I would really just take pack lunches everywhere, coffee in a flask and opt for free attractions & occasionally just drop it in that we don’t have money for luxuries these days.

Ilovethatbear · 02/03/2025 19:44

This is bizarre to me.

My DC are mid twenties and I always pay for all of us if we go anywhere with their DPs.

I even pay for us all to go on holidays.

You need to do free stuff and if she says anything, say you can’t afford much at the moment. Cheeky cow!

BashfulClam · 02/03/2025 19:45

Yeah my mil does this. Always stands back to let us pay the bill. She’ll suggest going for a tea, fair enough but then she’ll order a breakfast and a cake too. We’ll maybe have a can of coke as that’s cheaper. Then she expects us to pay for something we haven’t budgeted for. She also to think our car is a free taxi available for her use anytime. I let DH pay as it’s his problem.

I had a few ‘round dodger’ pals in my teenage years too. I remember us all standing there awkwardly with empty drinks waiting as it was one girls round. Eventually one of us went for another round so she effectively had a free night out. I seethed until we got in a taxi and then said ‘x since you didn’t buy a round all night I think it’s only fair you pay for the taxi !’ She snapped ‘I was going to anyway!’ Hmm well it’s weird that you didn’t mention it and the taxi cost less than the 2 rounds she skipped.

Cakeandusername · 02/03/2025 19:45

I think you need to agree with husband to nip in bud now. Longer it goes on harder it will be. If she mentions museum say yes it was nice but not something we can do a lot as it was £x.
I’d search for places with free entry or just park and take food/drink.
If she suggests something that costs say sounds nice but will be a bit pricey so let’s not. If she hints at lunch or coffee out day oh we can eat at home.
If your costs are high with nursery I’d be very honest how much they are some older people have no idea.

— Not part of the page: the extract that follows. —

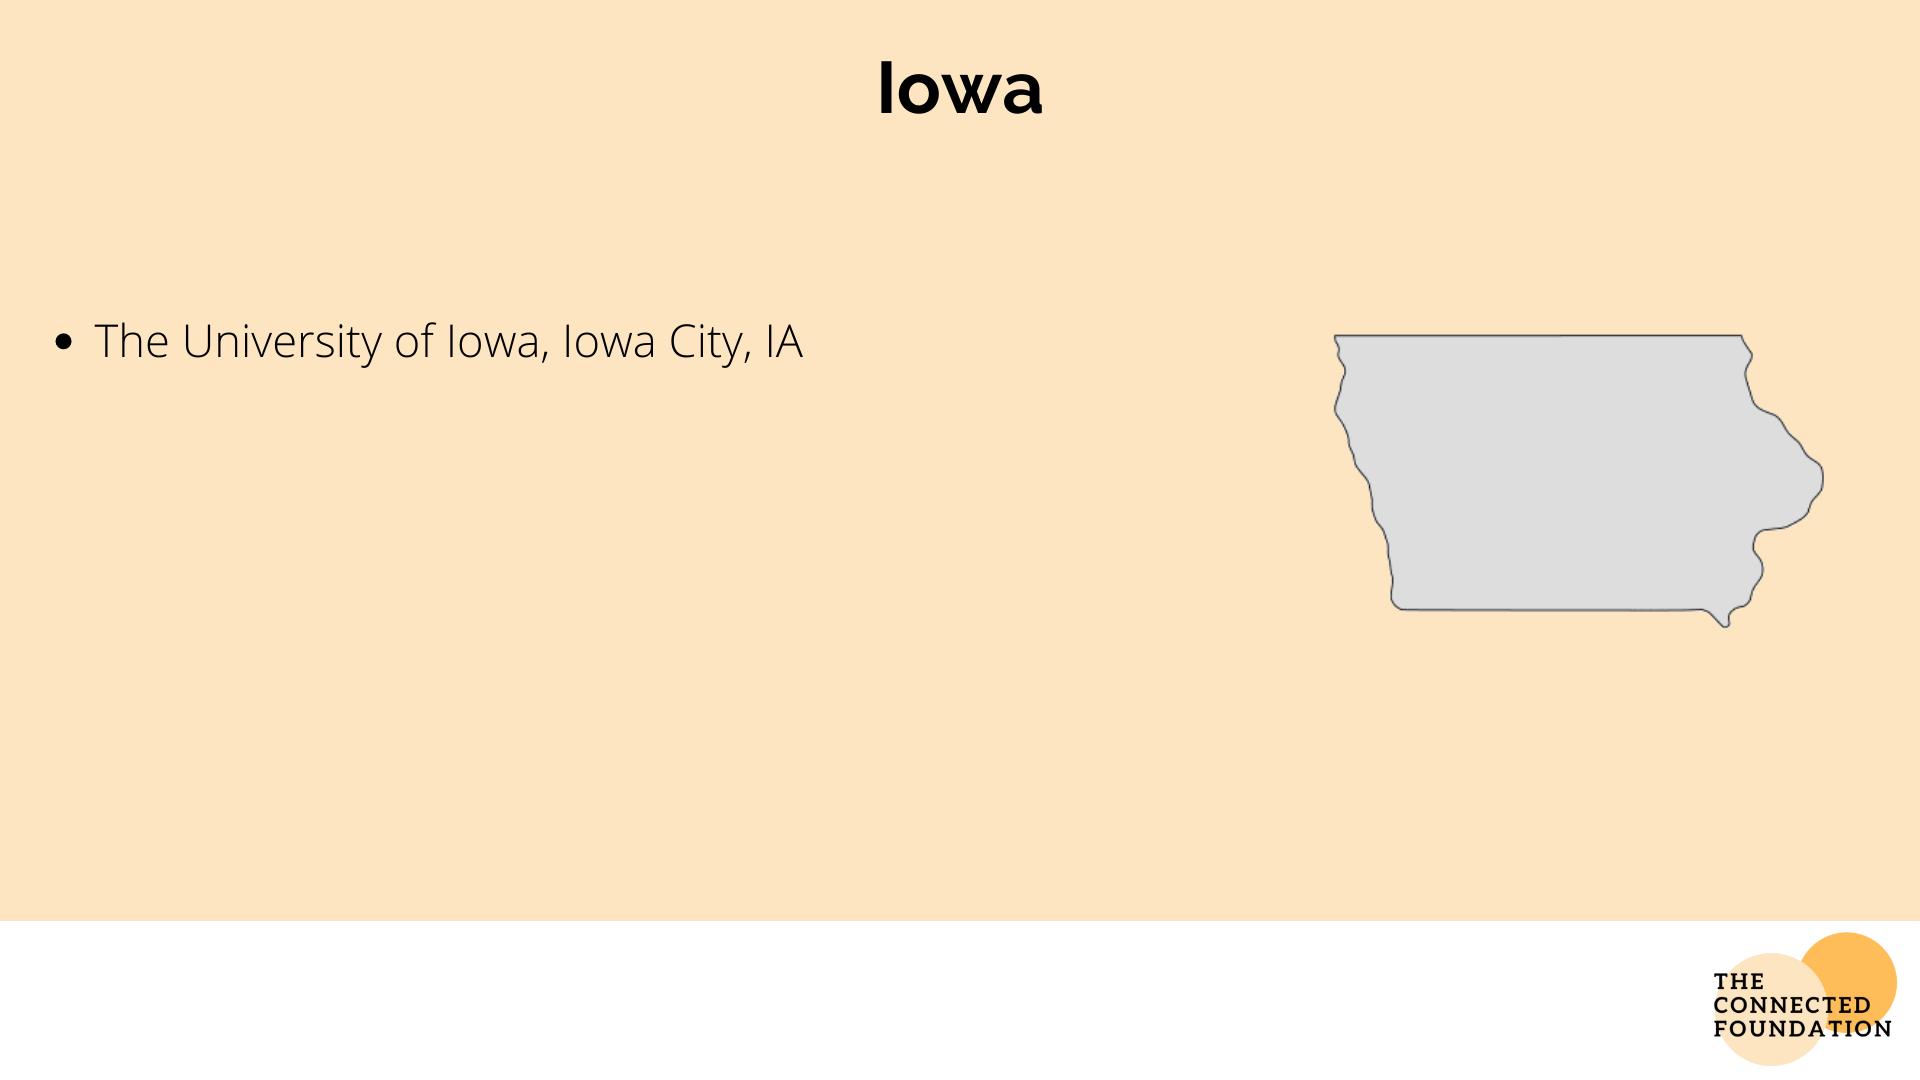 University of Iowa in Iowa

Porcuporpoise · 02/03/2025 19:46

Starry4321 · 02/03/2025 19:16

Can’t really reduce her visits as I feel DH would start to have an issue with her coming around less. We have discussed the financial aspect and he agrees she should pay her way but it’s a very awkward conversation for some reason.

In which case just go cheap. Beans on toast and the park. No meals out and don't buy her ticket for paid attractions.

Bunny44 · 02/03/2025 19:47

Is it that she is old fashioned in that she expects your DH to pay and look after his mother? Is she widowed and her husband used to look after everything financial?

Just wondering as I can imagine some older women are like this and I know in some cultures it's definitely the norm that a grown son would cover his mother in such situations.